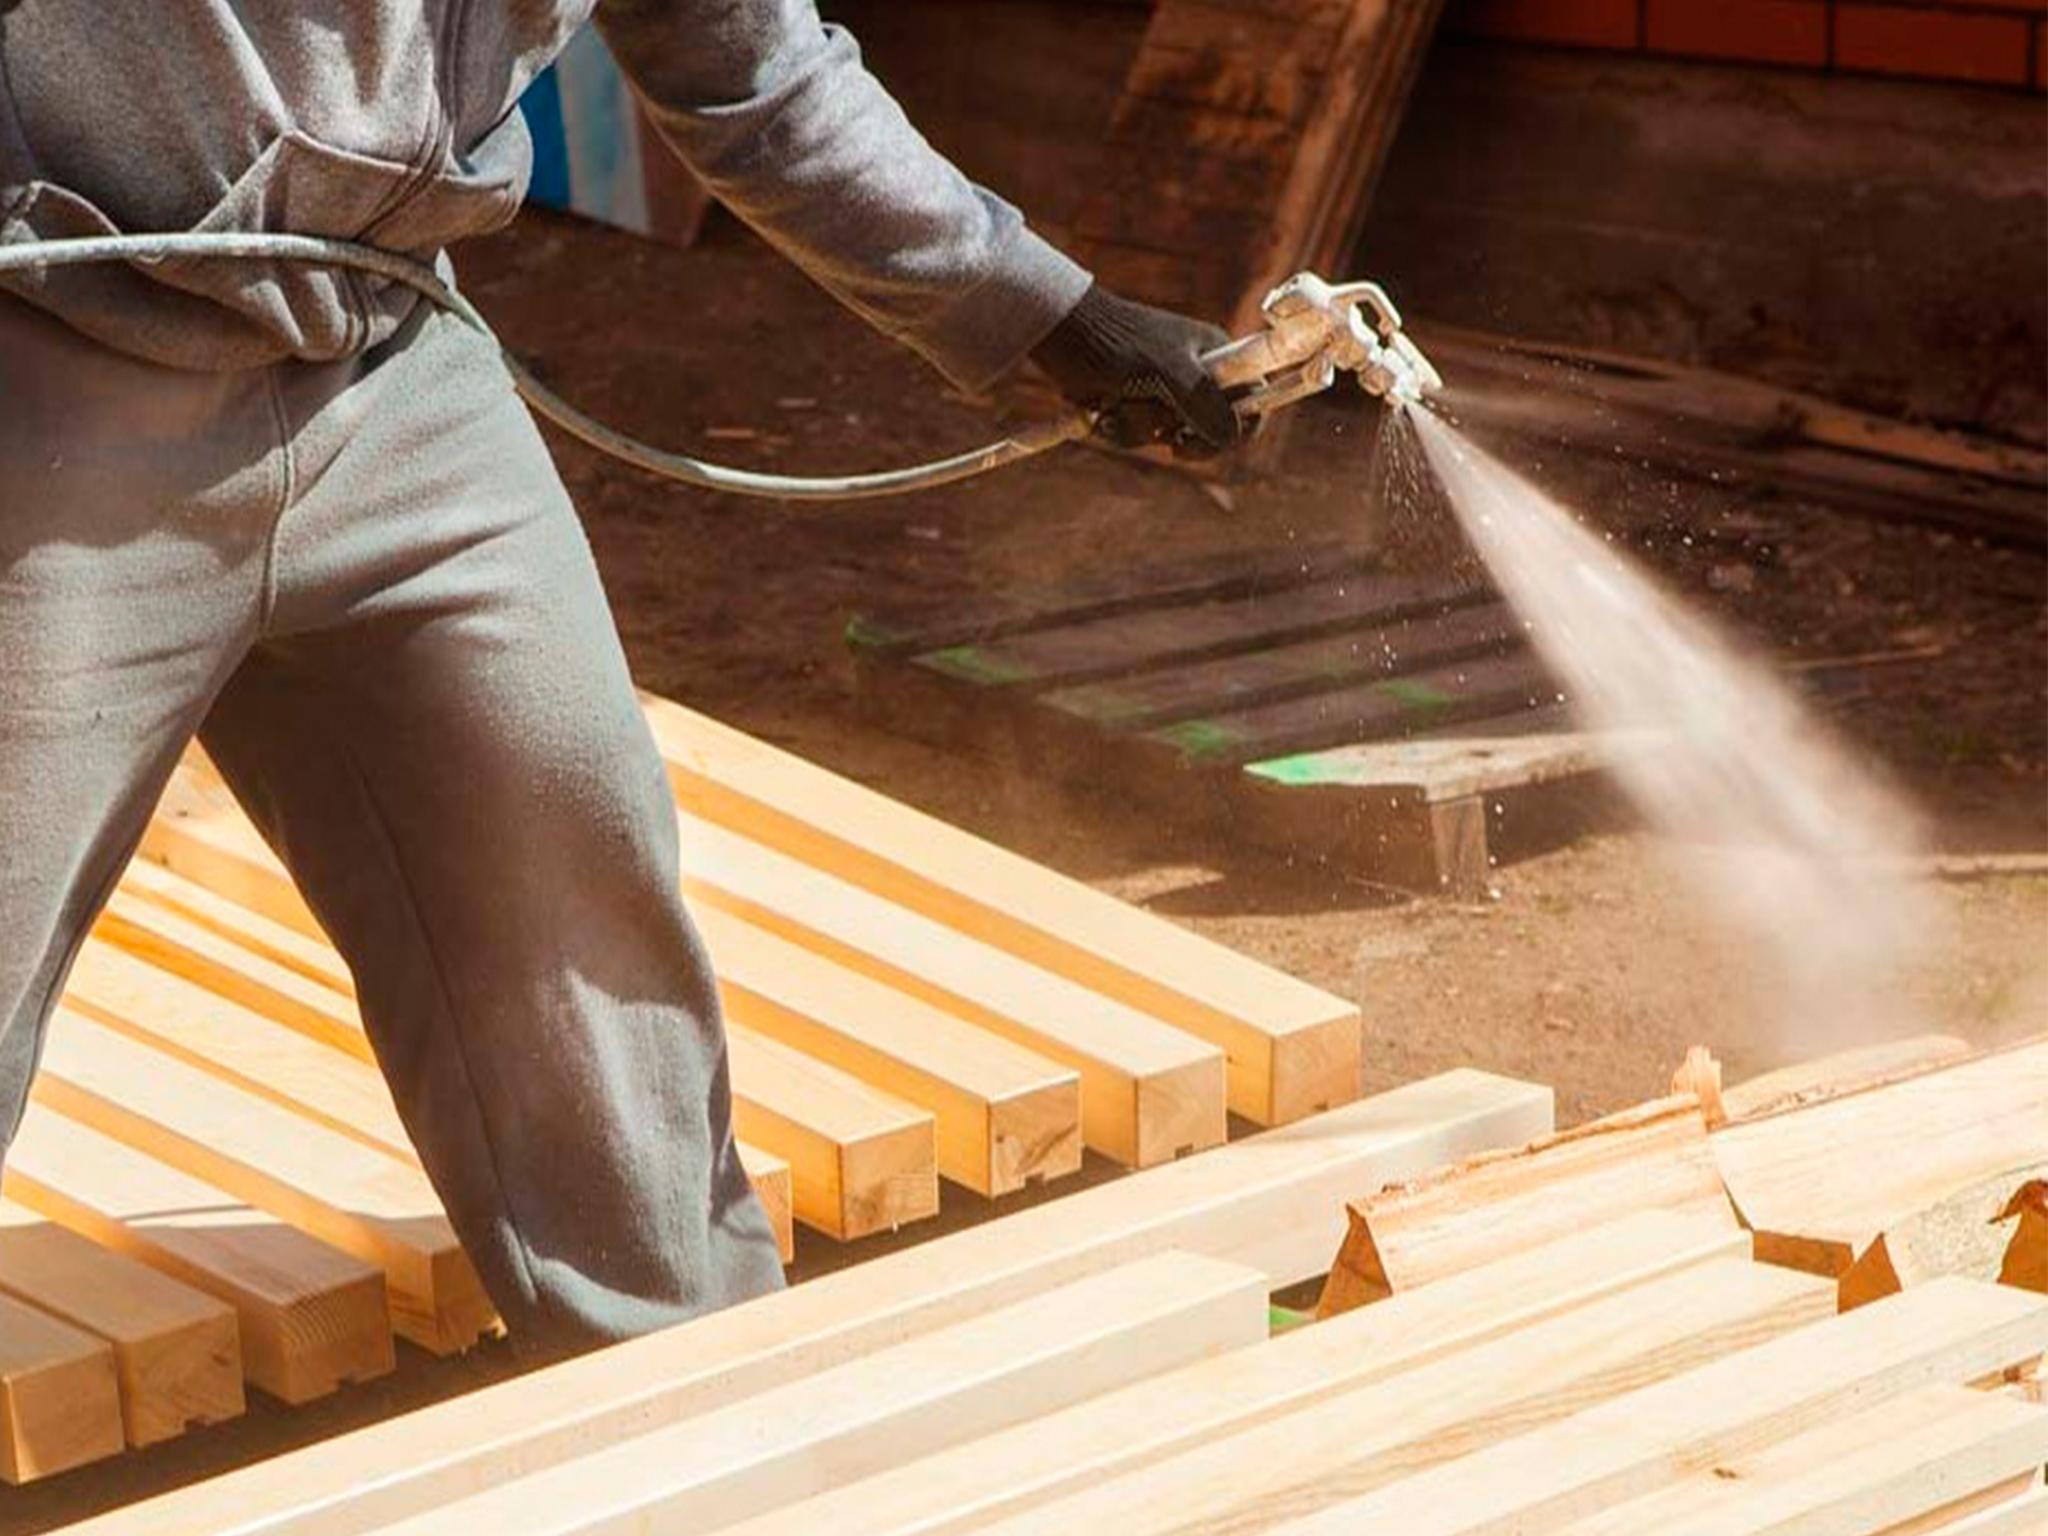 средство для защиты древесины от плесени
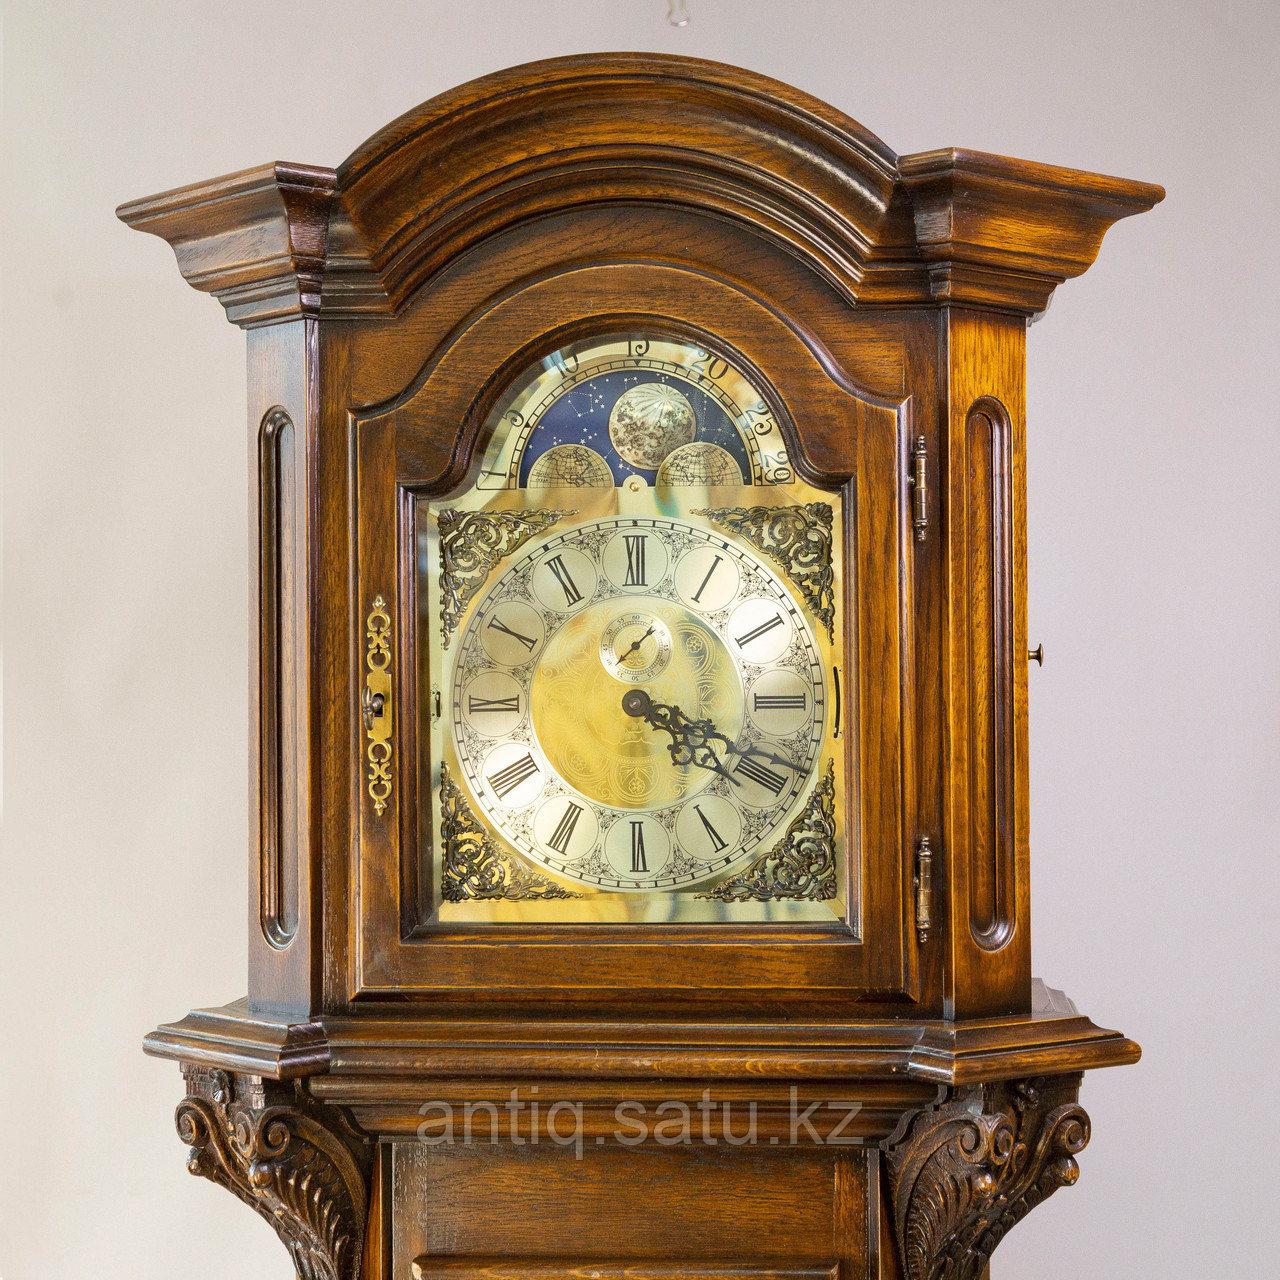 Напольные часы URGOS Германия - фото 5
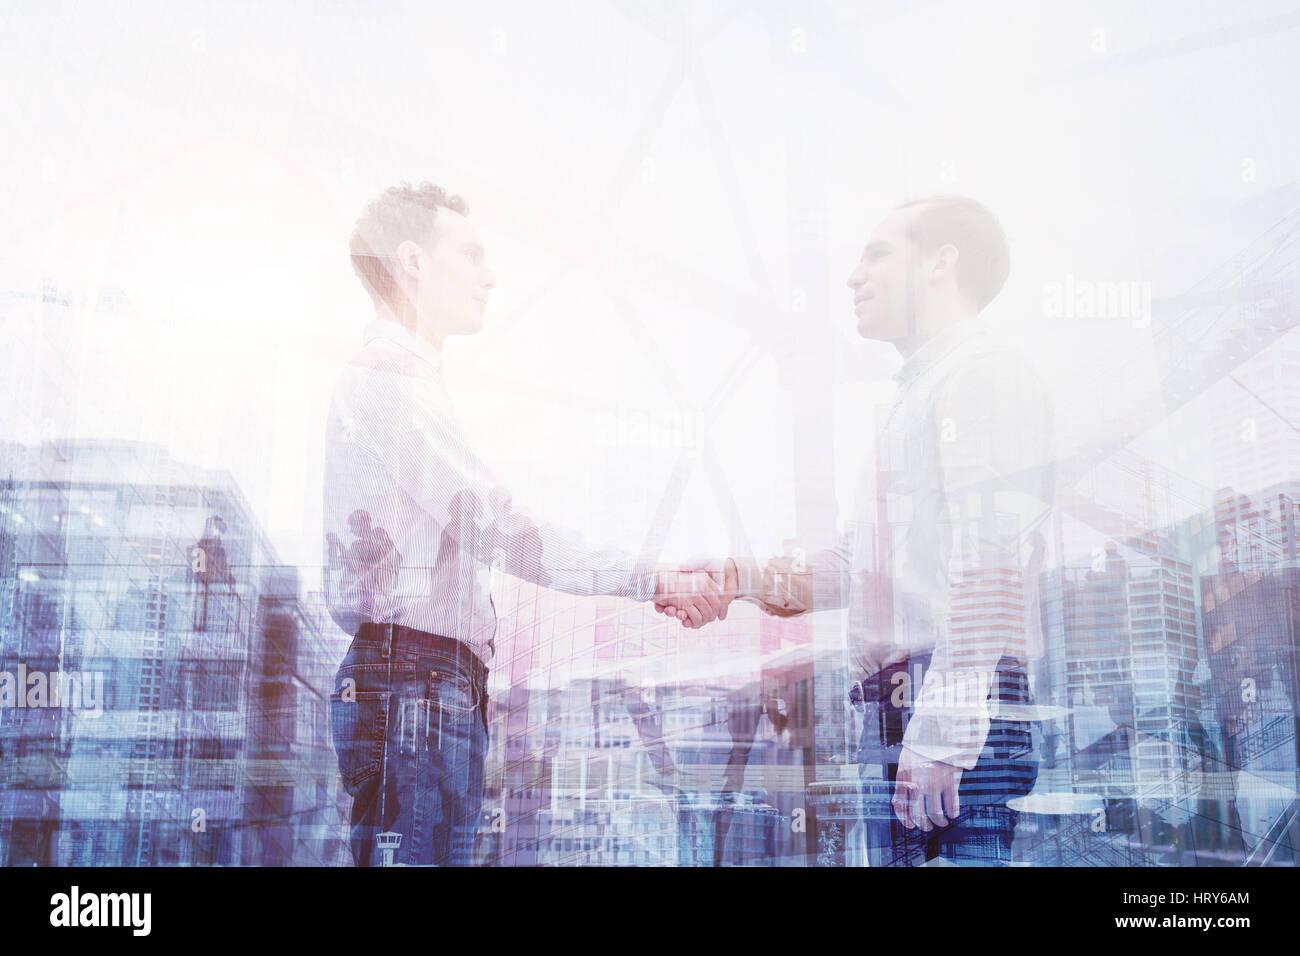 Reparto de las propiedades inmobiliarias, apretón de manos doble exposición, gente de negocios concepto Imagen De Stock

ABOUT THIS EXERCISE: Please write out all the data word for word, but keep every picture out.

EXPECTED ANSWER:
 средство для защиты древесины от плесени
 Напольные часы URGOS Германия - фото 5
 Reparto de las propiedades inmobiliarias, apretón de manos doble exposición, gente de negocios concepto Imagen De Stock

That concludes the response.